BEGIN Given data
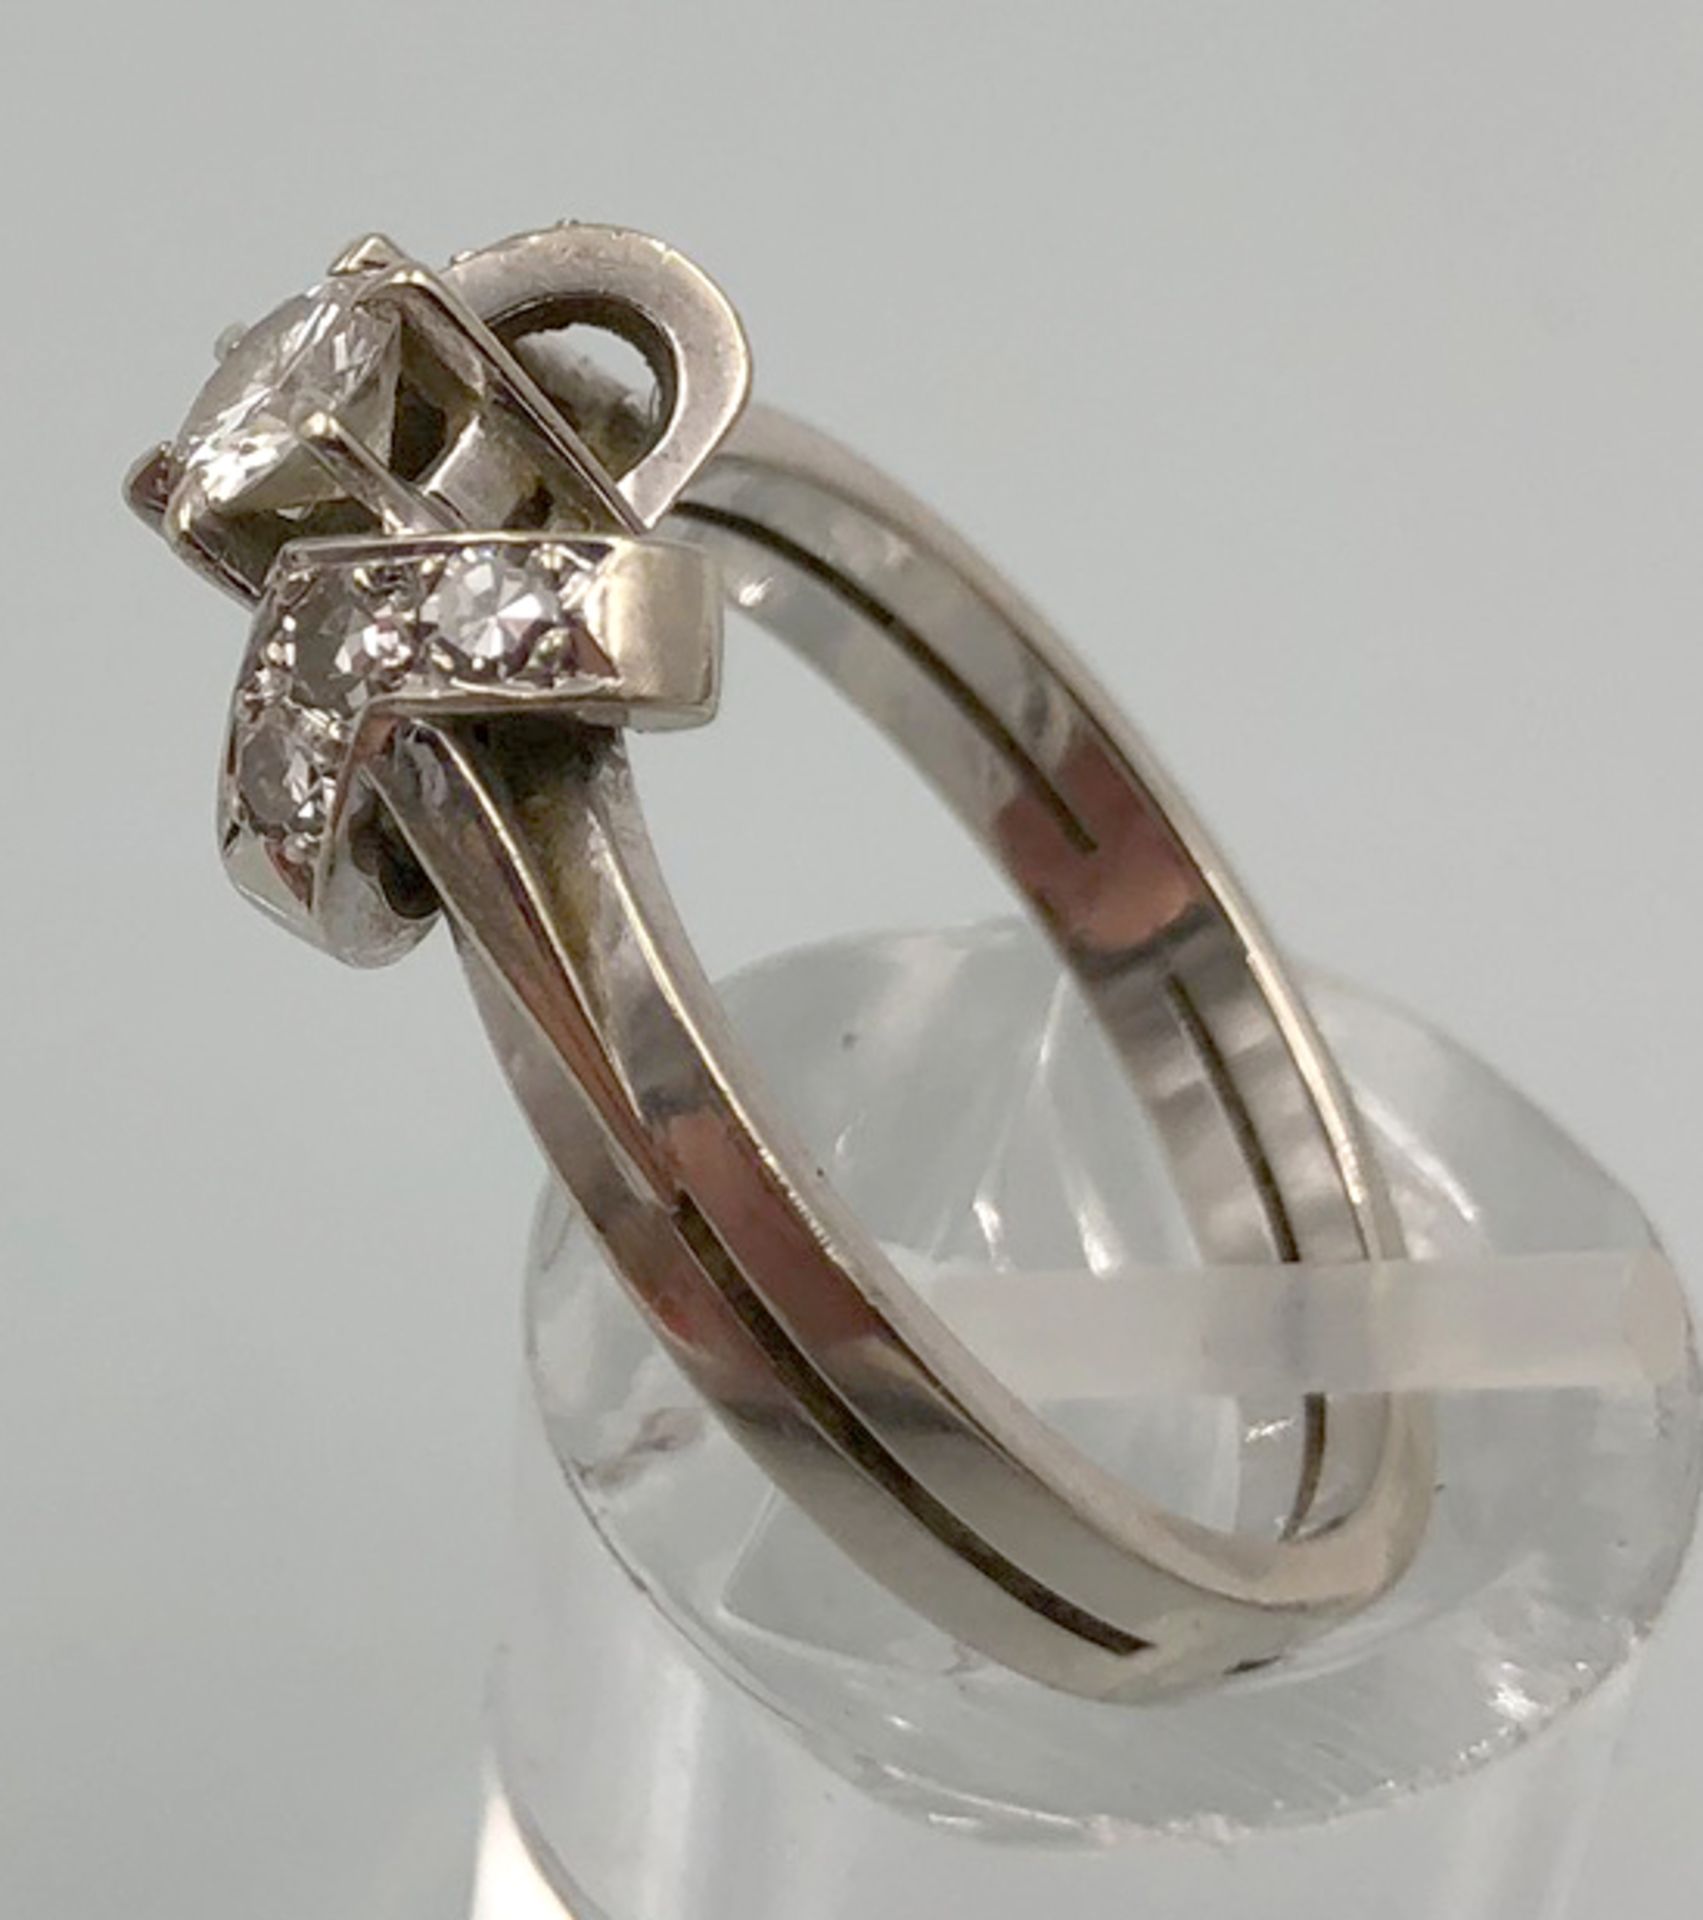 Weiß Gold 585. Ring mit Brillanten.4,0 Gramm Gesamtgewicht. Der mittige Diamant 4,48 mm Durchmesser, - Bild 10 aus 13
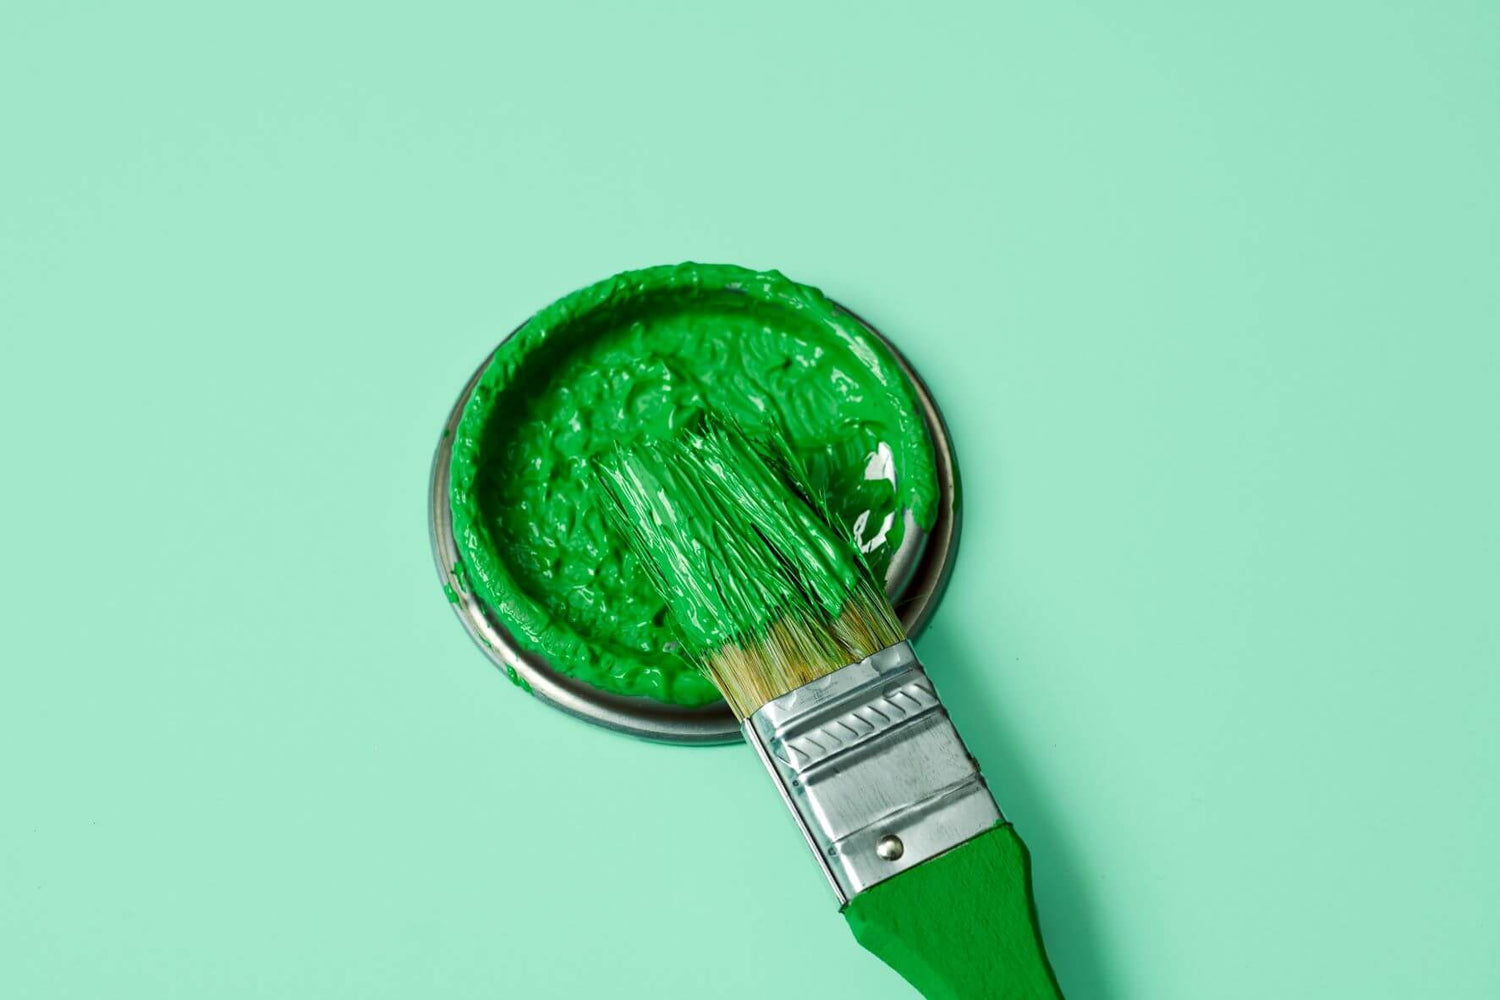 Verblidlichung von Greenwashing in Form von grünem Pinsel auf hellgrünem Grund
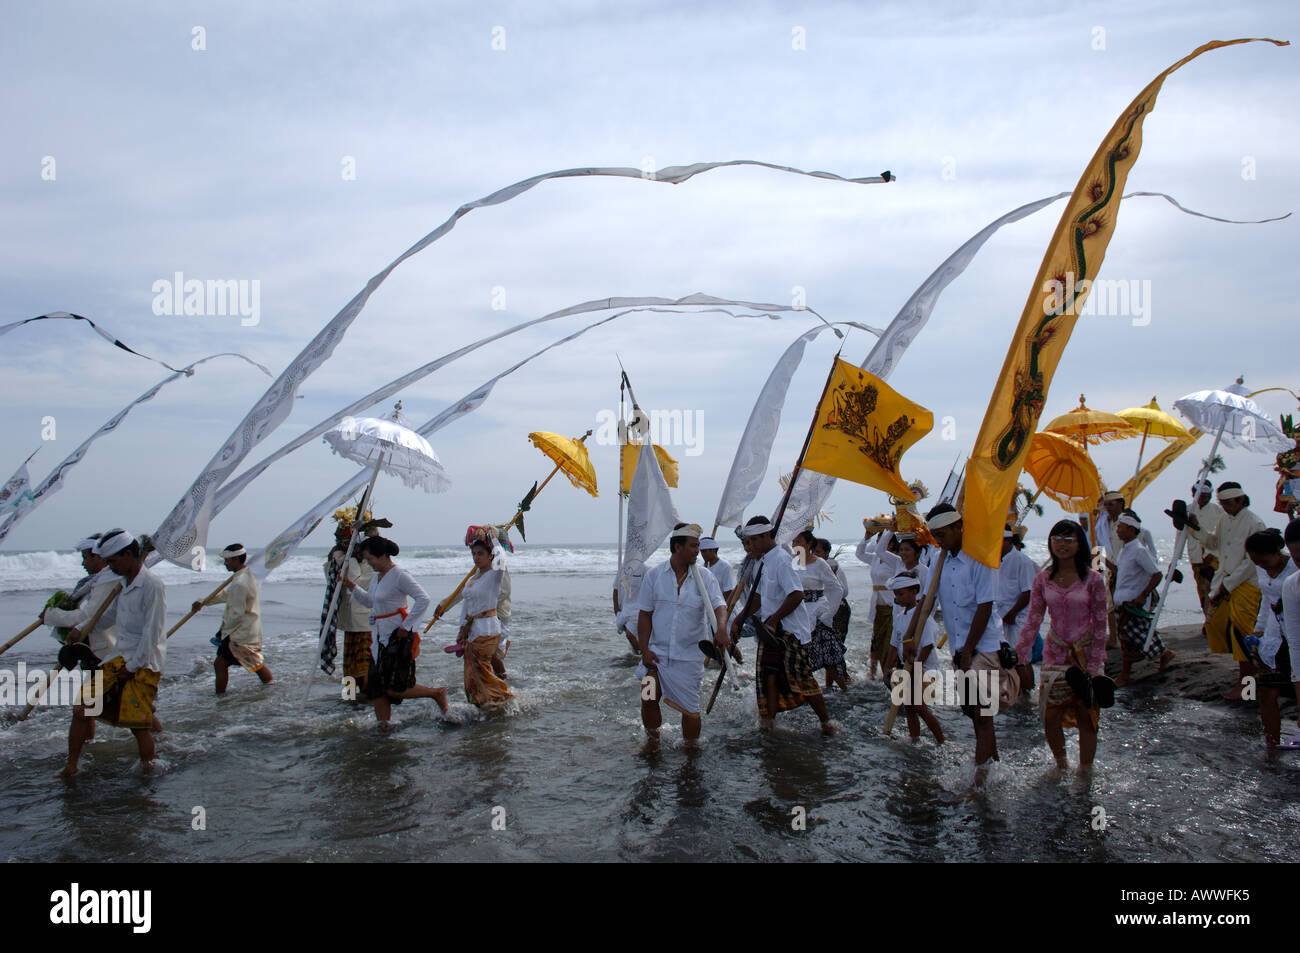 Eine Zeremonie, um die Götter zu besänftigen und Tiere zu opfern. Balinesische Fischer tun dies einmal im Jahr kurz vor Nyepi. Bali, Indonesien Stockfoto
END Given data
Each of the lines above should be transcribed exactly; no image is to be copied.

— Your response —
 Weiß Gold 585. Ring mit Brillanten.4,0 Gramm Gesamtgewicht. Der mittige Diamant 4,48 mm Durchmesser, - Bild 10 aus 13
 Verblidlichung von Greenwashing in Form von grünem Pinsel auf hellgrünem Grund
 Eine Zeremonie, um die Götter zu besänftigen und Tiere zu opfern. Balinesische Fischer tun dies einmal im Jahr kurz vor Nyepi. Bali, Indonesien Stockfoto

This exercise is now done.